_What you have to do_. Please set down each of the lines below once more, exactly, omitting all pictures.

_Supplied information_.
┌──

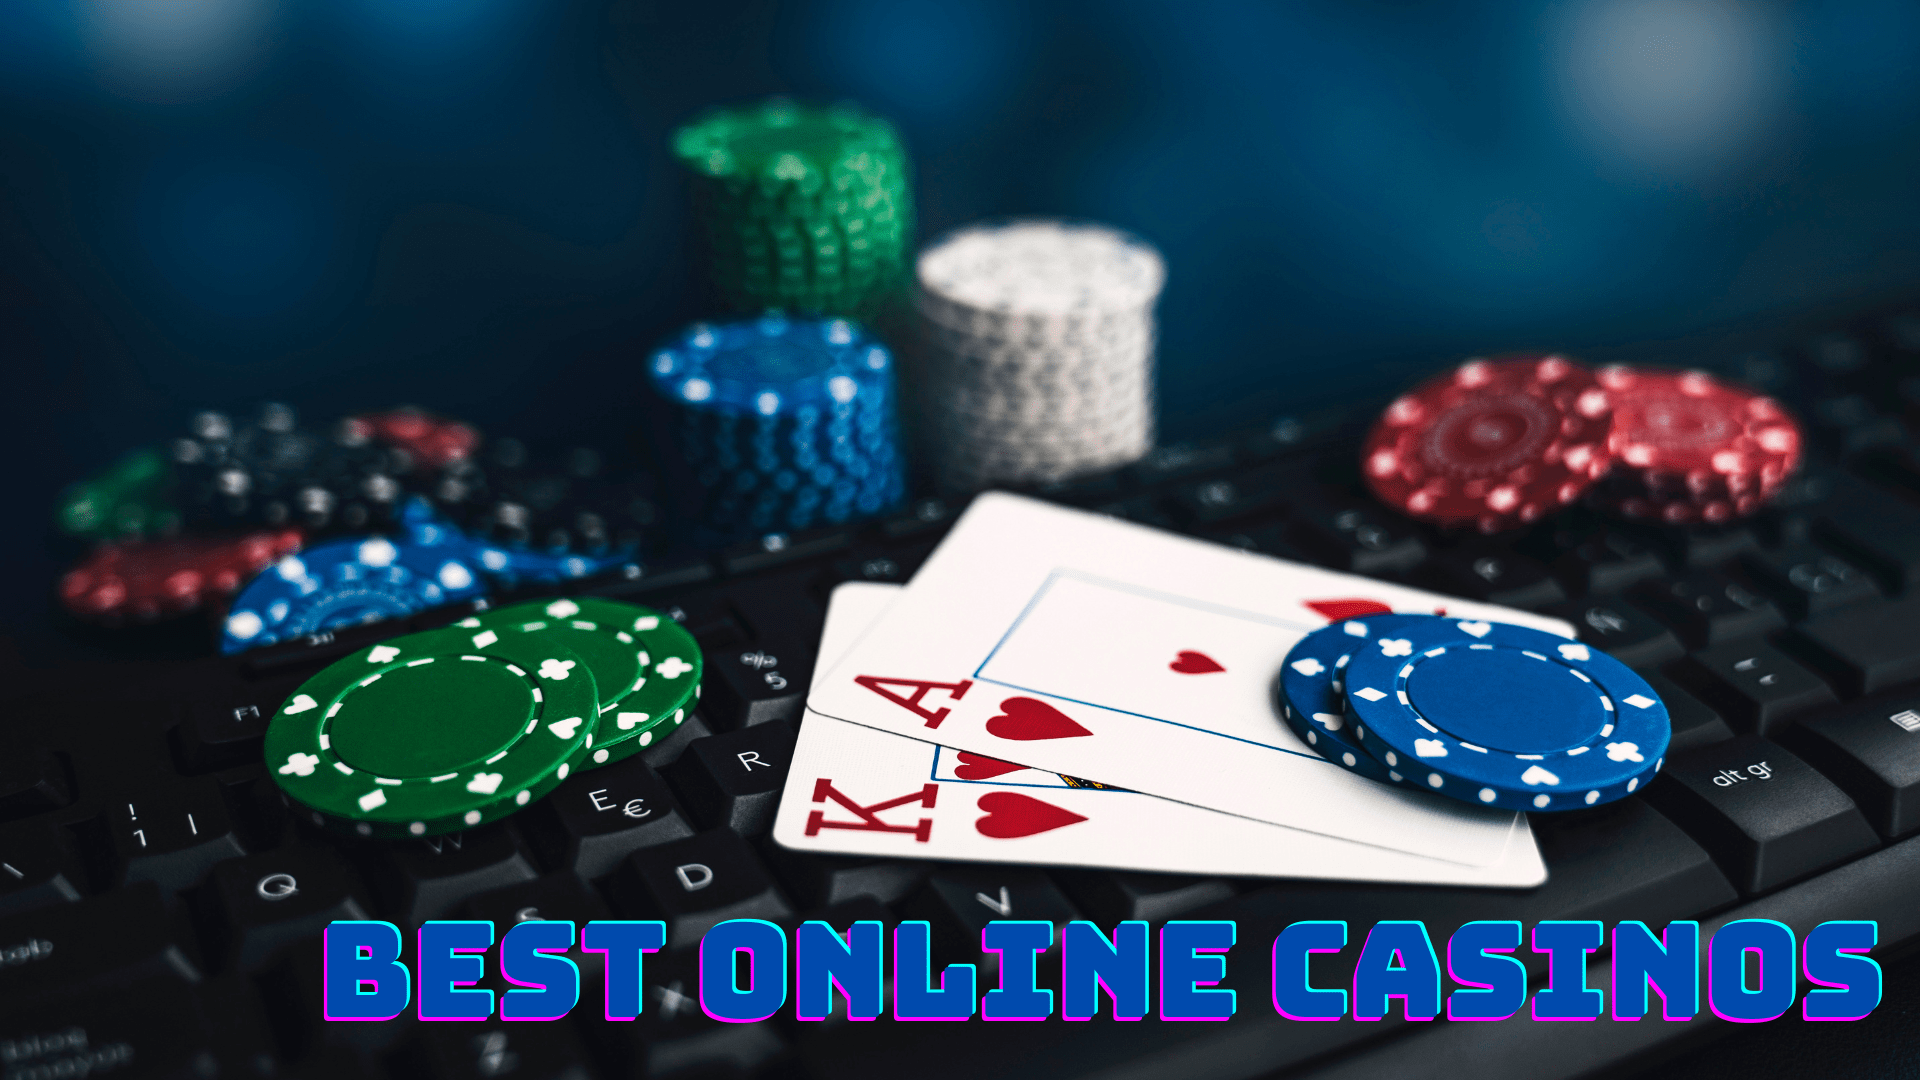 The Connection Between online casinos and Risk-Taking
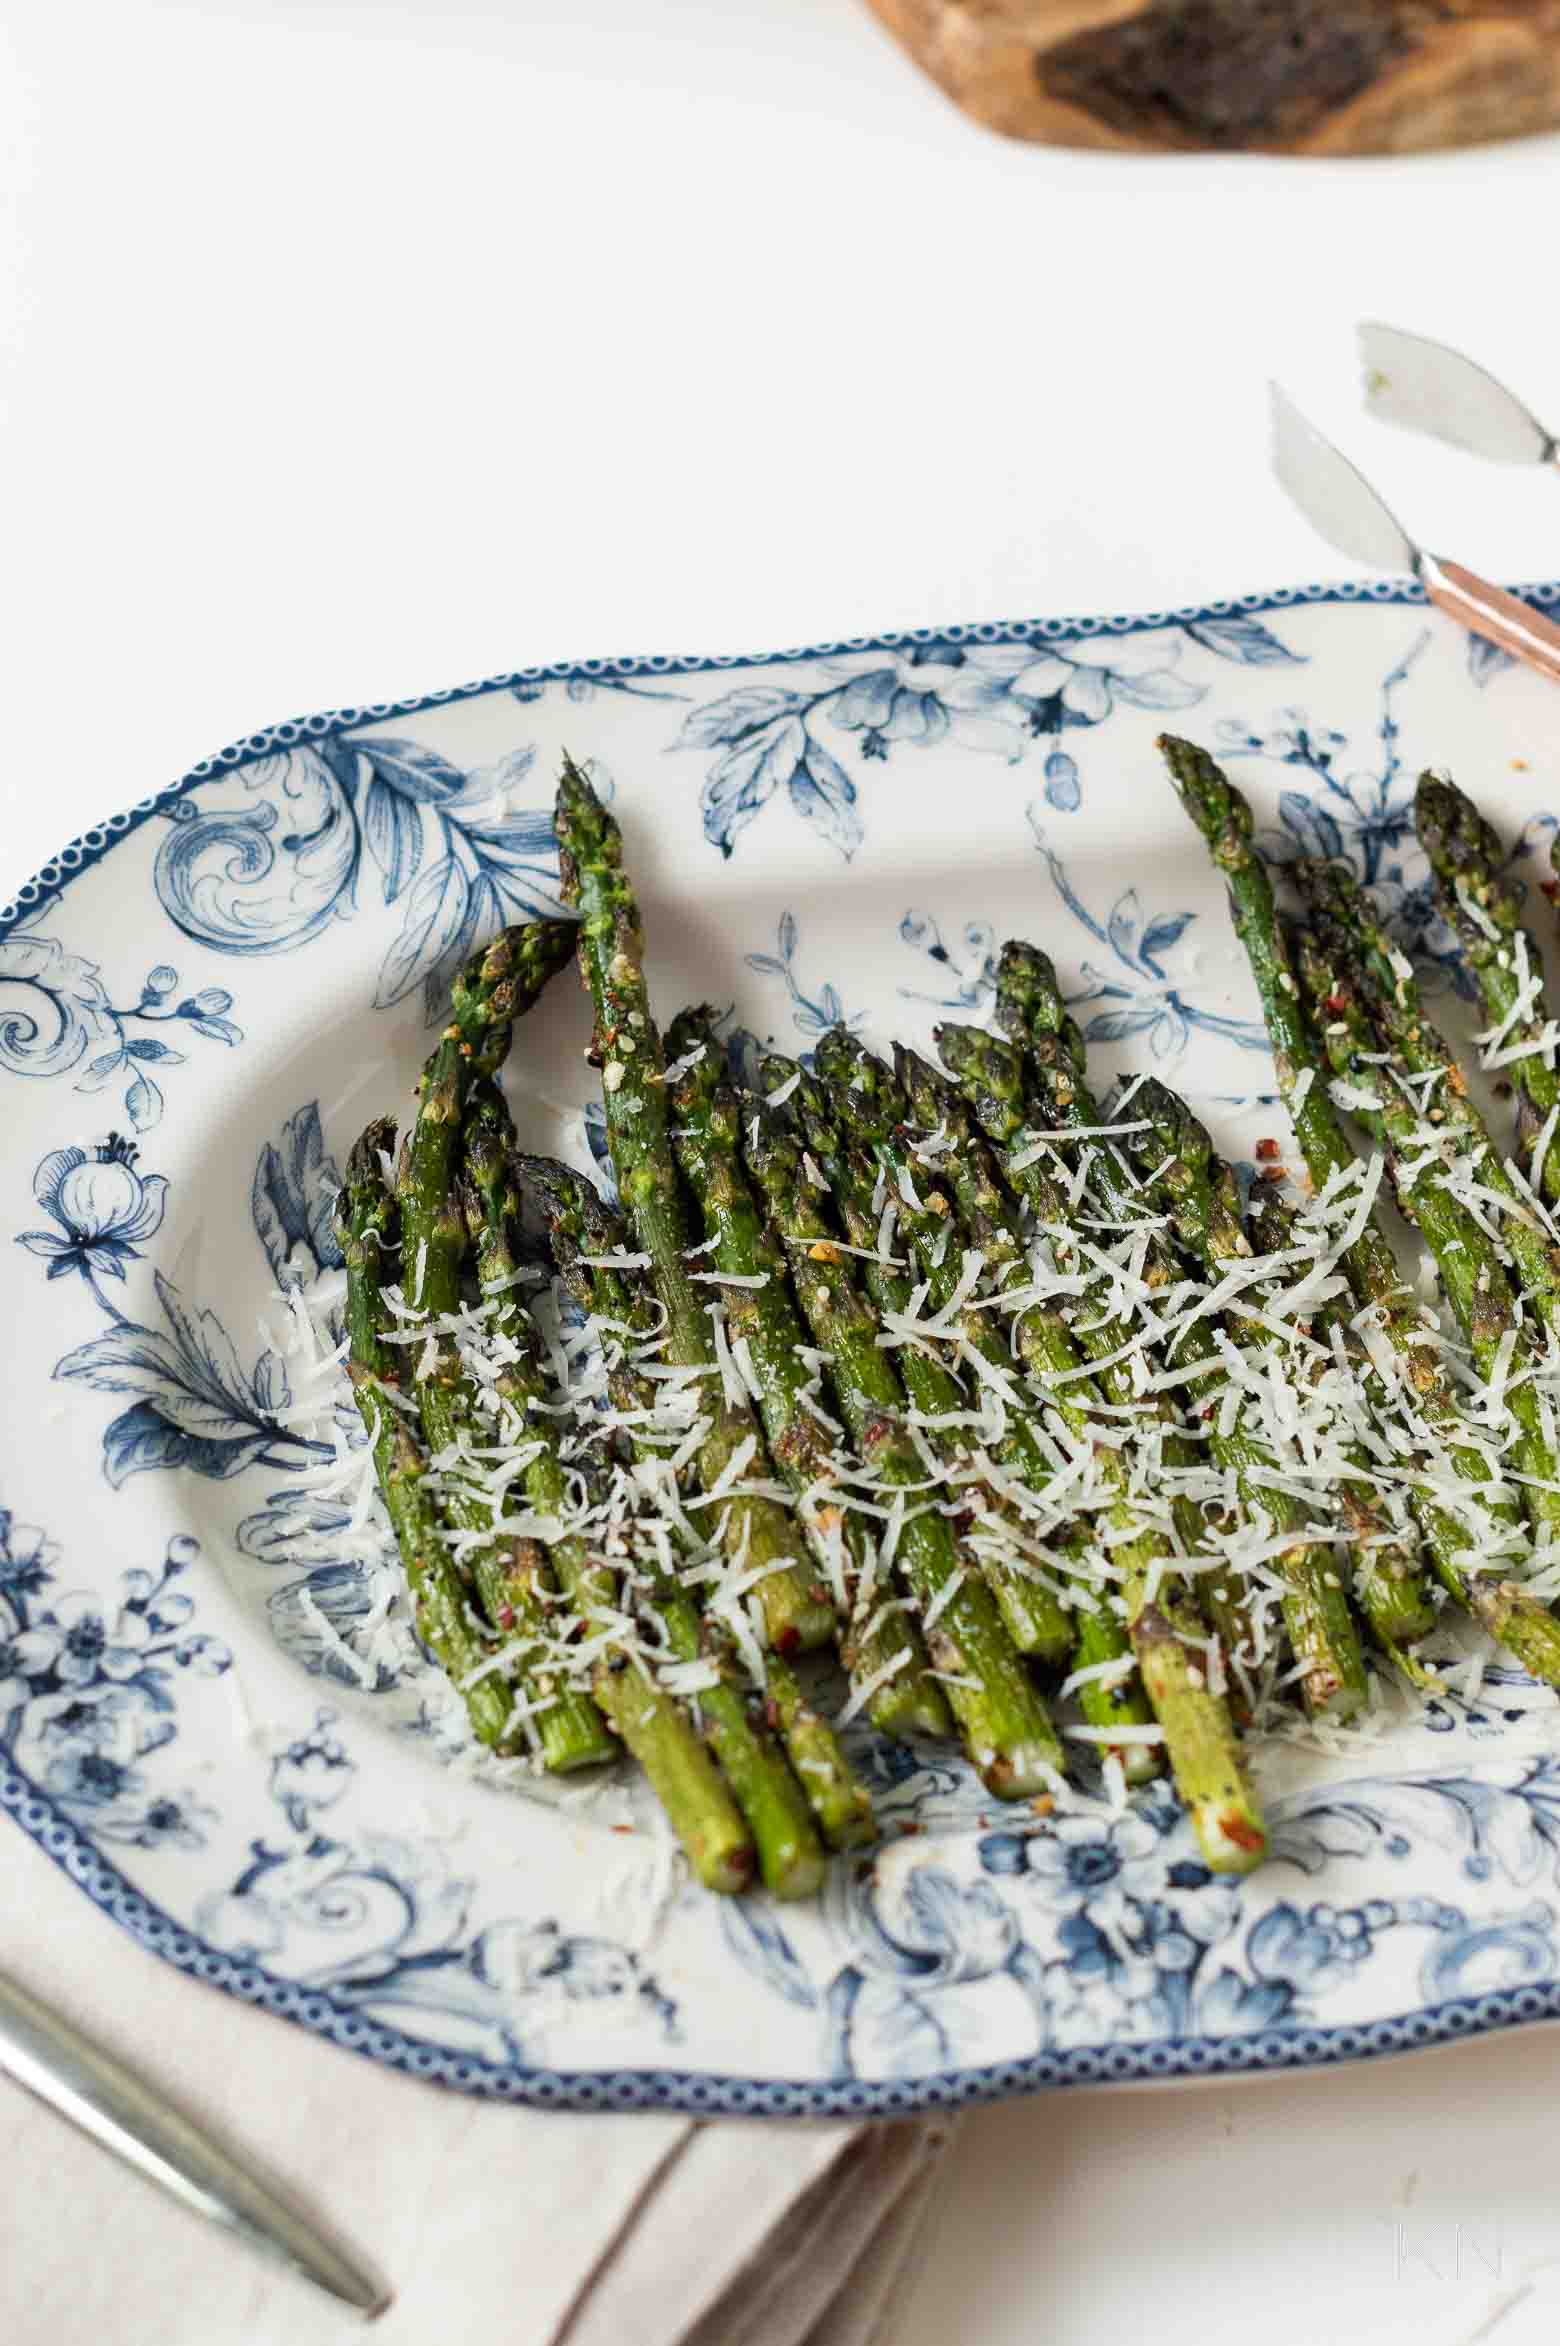 Simple Roasted Veggie Side Idea- Asparagus with Parmesan Cheese
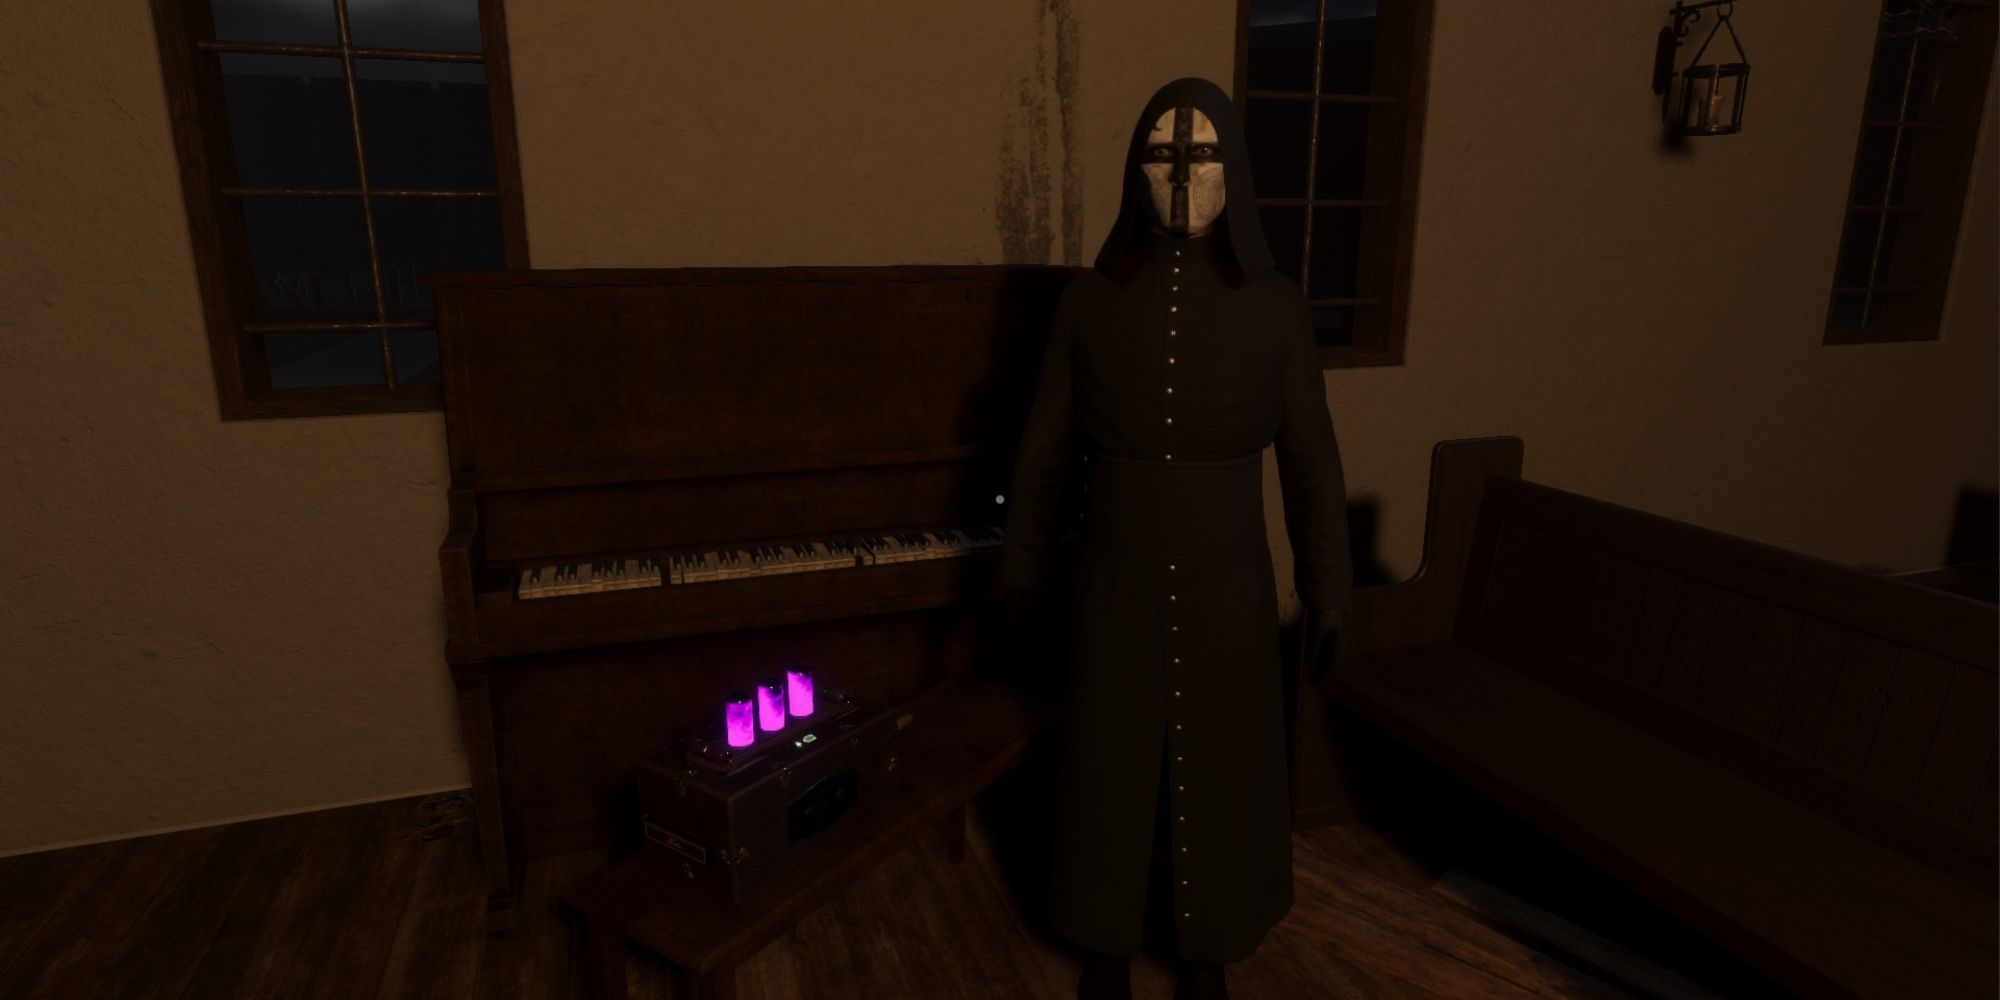 Masks of Deception player near piano

└──

_Reply_.
 The Connection Between online casinos and Risk-Taking
 Simple Roasted Veggie Side Idea- Asparagus with Parmesan Cheese
 Masks of Deception player near piano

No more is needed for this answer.